University of North Carolina CABJ recap

On the set of Carolina weekly, UNC’s premier news program. Every year, students are given a hands-on experience with the equipment.
On the set of Carolina weekly, UNC’s premier news program. Every year, students are given a hands-on experience with the equipment.

Black writers and journalists have participated in the changing face of journalism. The next generation of black writers and broadcasters are taking the effort to strengthen the presence of minorities within this speciality.

On Saturday, Feb 23, I participated in the CABJ (Carolina Association of Black Journalists) workshop at Carroll Hall, hosted by the UNC school of journalism and mass communications.

During my commute to UNC that Saturday morning, I admit I was nervous. I thought about the rigor of the program and the types of people I would meet.

During breakfast, all of us introduced ourselves. We found common ground; we were all determined to pursue careers in broadcasting and journalism. Most students also held leadership positions in their classes and extracurricular organizations.

Our first activity of the day was broadcasting, which meant we had to speak in front of the camera! Sure everyone was nervous, however, everyone spoke well and communicated with their on-air co-host. Along with the cameos, we were given on-hand experience with the cameras and the video switchers in the production room. We were in the home studio of Carolina Weekly, the student run broadcasting program.

From there, we were given the opportunity to ask a panel of college students about preparing for college and the college experience itself. The students were very open to questions and the students felt more comfortable about preparation for college.

Our next activity was a lecture on print journalism. We touched the basics: writing leads, organizing paragraphs in an article and dissecting the information into a precise article. One of the journalism students roleplayed Mississippi assembly member, Bennie. G. Thompson, talking about the recent ratification of the 13th amendment by the state assembly.

Public Relations was our next lecture. We learned the basics of advertising and marketing. We came up with interesting and distinct advertisements for a theoretical target market.
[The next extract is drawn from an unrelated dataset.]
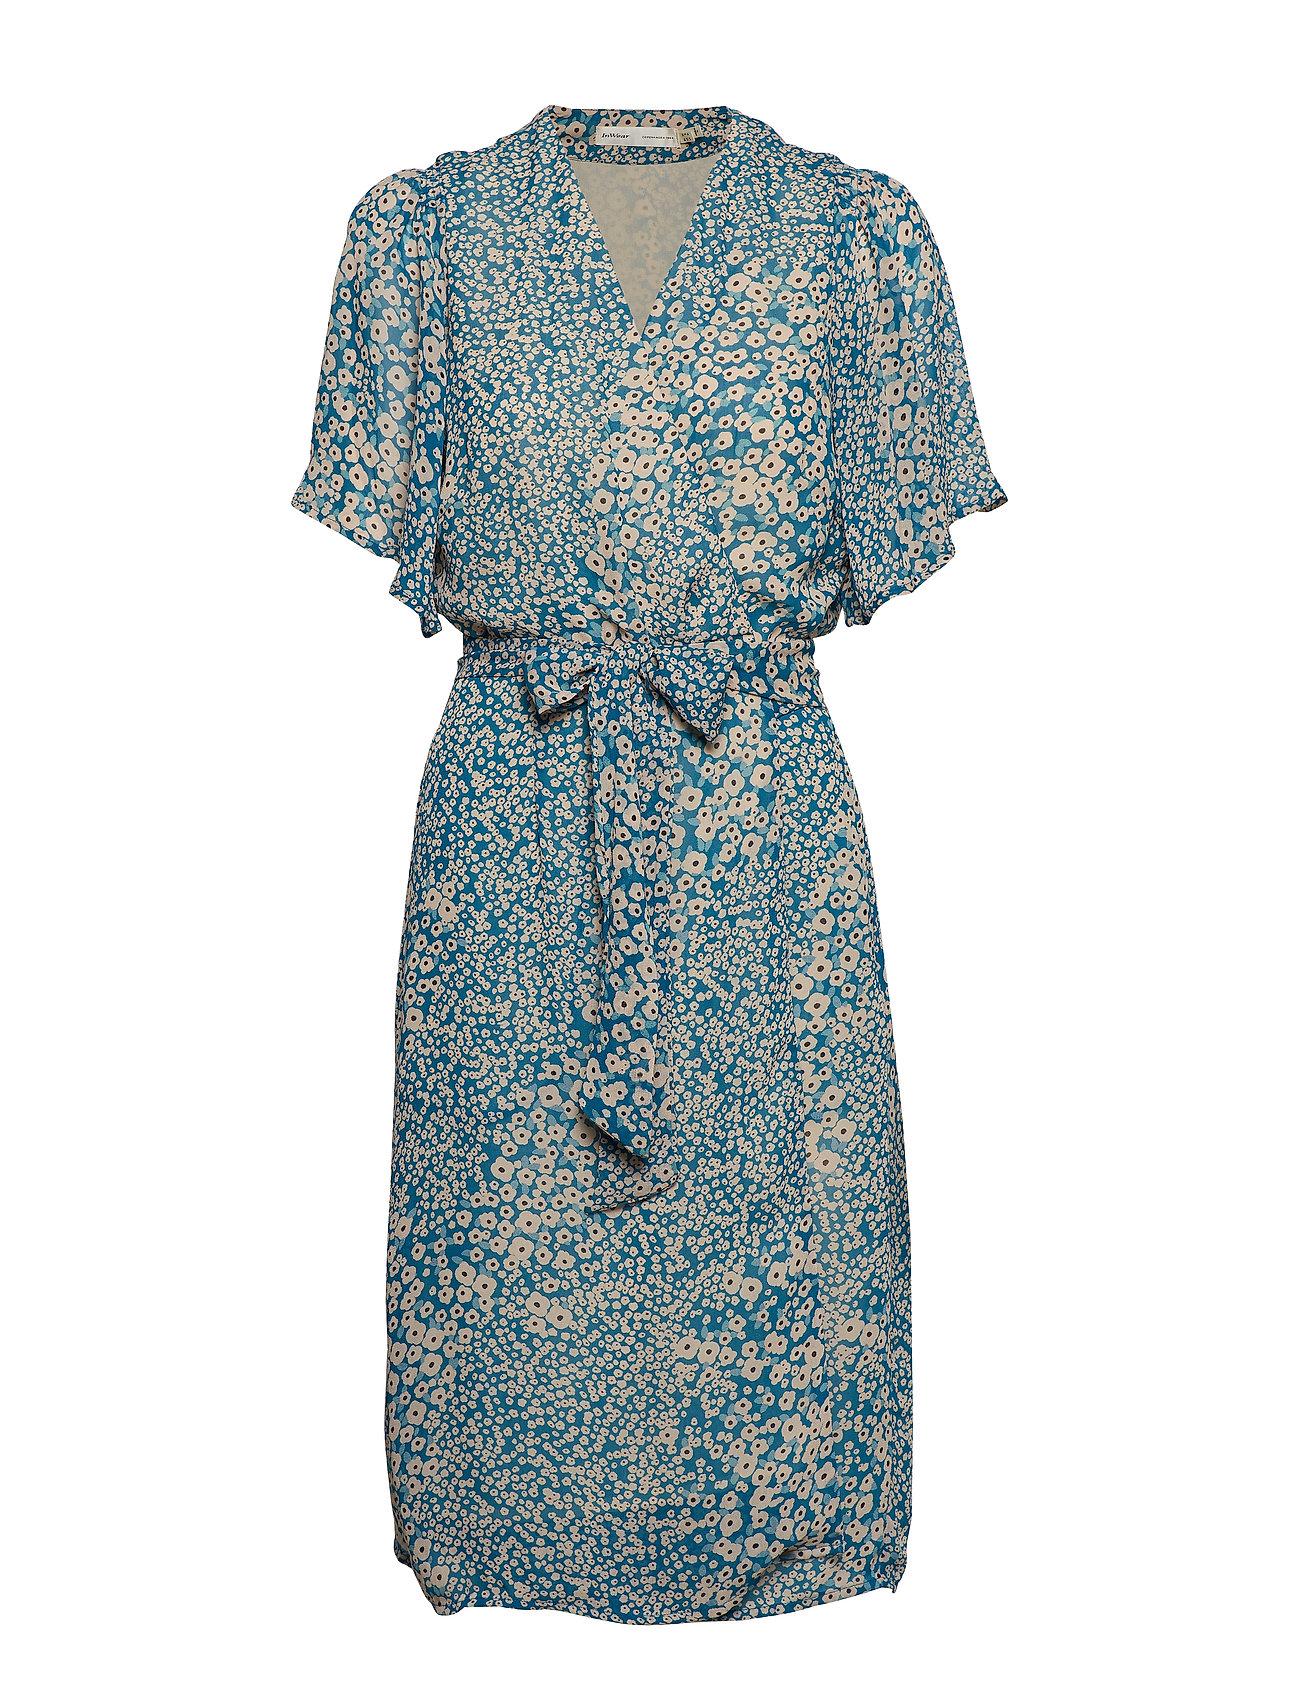 Dresspetrol FlowerInwear Tallyiw Dresspetrol Diagonal Tallyiw Blue LSzUMpGqV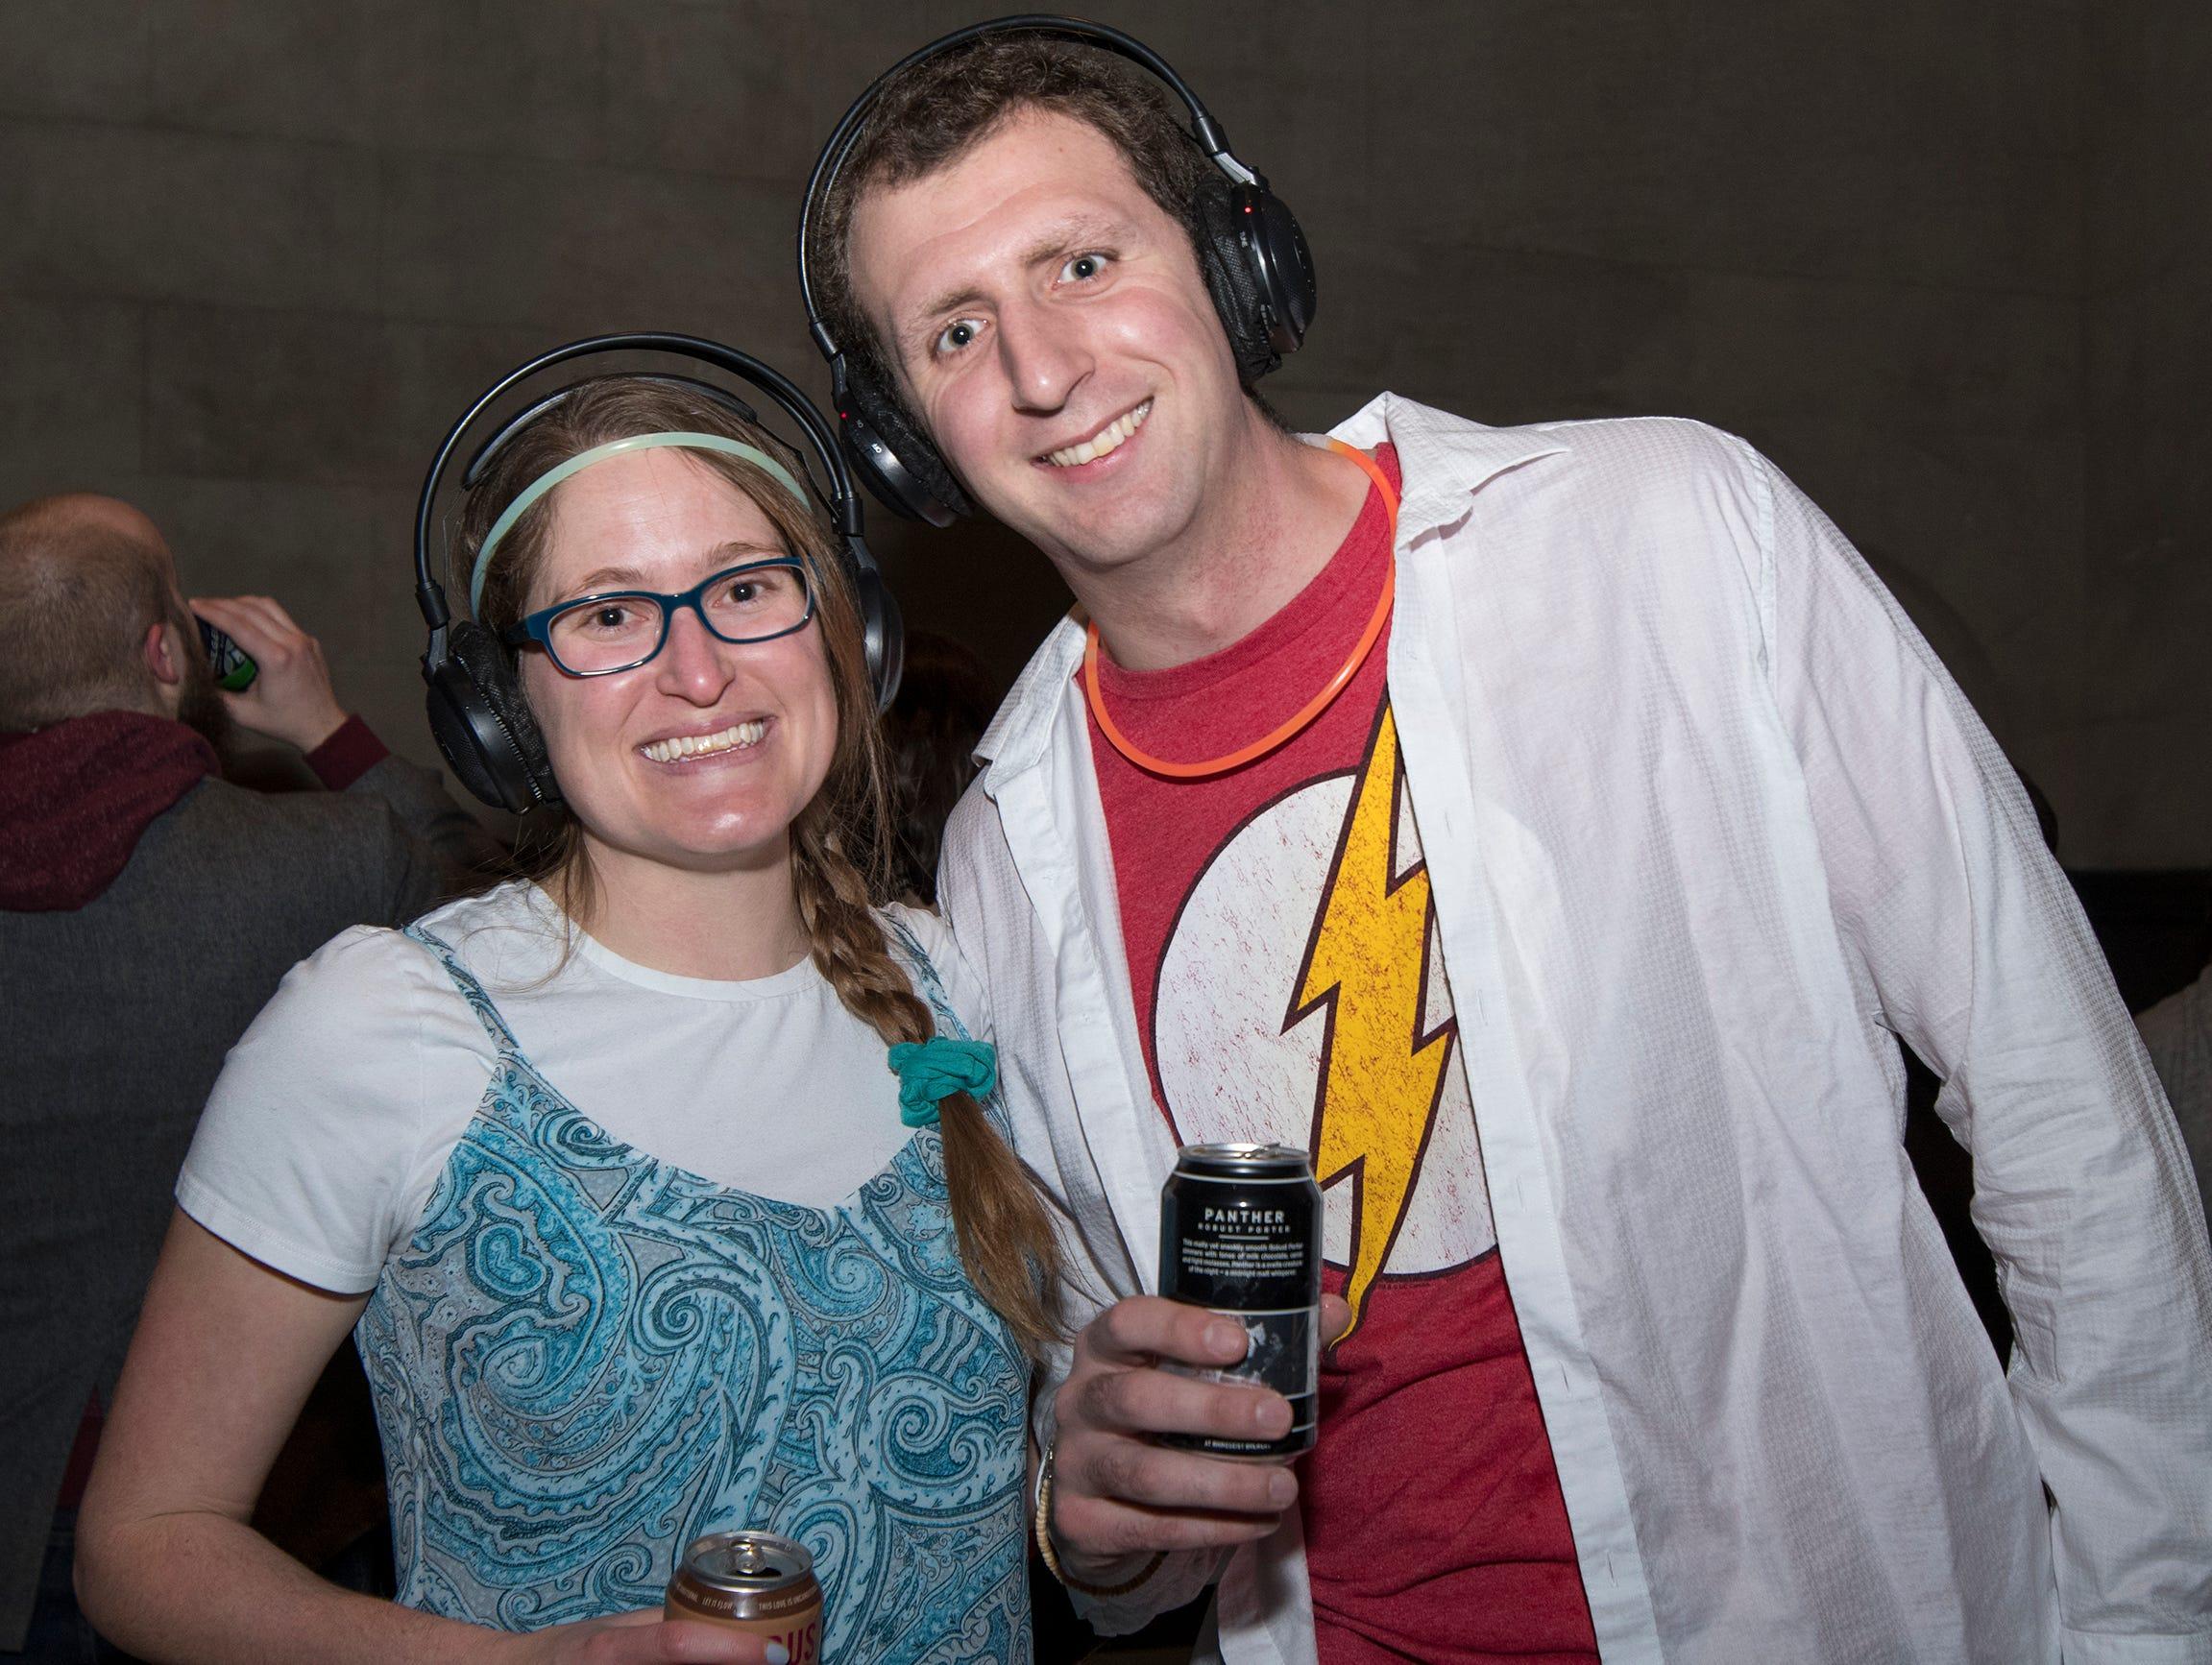 Jennifer and Matt Steinhardt of Mt. Adams attend a 90s-themed silent disco during Art After Dark at the Cincinnati Art Museum Friday, January 25, 2019 in Cincinnati, Ohio.

Finally our last lecture was photoshopping, we used 27-inch iMac computers and used a variety of applications including Adobe Photoshop. We thoroughly went in to the basics of the program and photoshopped a photo of the Brooklyn Bridge. I shared something with half of the participants, I had no experience with photoshopping. It took several trials and the help from the photoshop instructor

The prime time came during the last event. We were catered dinner and were lectured by Tisha Powell, ABC-11 Eyewitness News anchor. We learned that journalism is a complex affair, as Powell told us of her past experiences on-air. As a journalist, Powell, has found herself in the middle of the story she covers. When Hurricane Katrina struck close to her home in New Orleans, several years ago, she helped bring supplies to desperate victims. I asked her, what is the most difficult thing

She taught, best of all, that time management and control in front of the camera are the basic skills needed as a journalist. The UNC School of Journalism and Mass Communications is offering a variety of summer programs for aspiring journalists. The Carolina Journalism institute offers a 5-day program for enhancing students with the knowledge of scholastic publications and broadcasts.

Most of the us were rising seniors, and the college application process is imminent. The questionnaires at the panel stressed us to challenge ourselves by taking as many honors and AP classes as possible. They additionally stressed the importance of writing a great applicant essay; the essay they explained is the perfect opportunity to connect with the admissions officers.

What I found intriguing was the choice of majors with the student-counselors. I told one counselor of my top choices for majors: political science and economics. Interestingly enough, she told me that most journalism students double major or minor in business and economics at the Kenan Flagler business school. This is especially important for advertising; this involved plenty of entrepreneurial energy.

As I reflect back, I am pleased at the effort these students are taking to make this opportunity come true. happen. I want to emphasize again, this program was run and support by journalism students. These people serve as the model for high schoolers pursuing a career in journalism. Without diversity, there is no excellence, that is their {CABJmotto.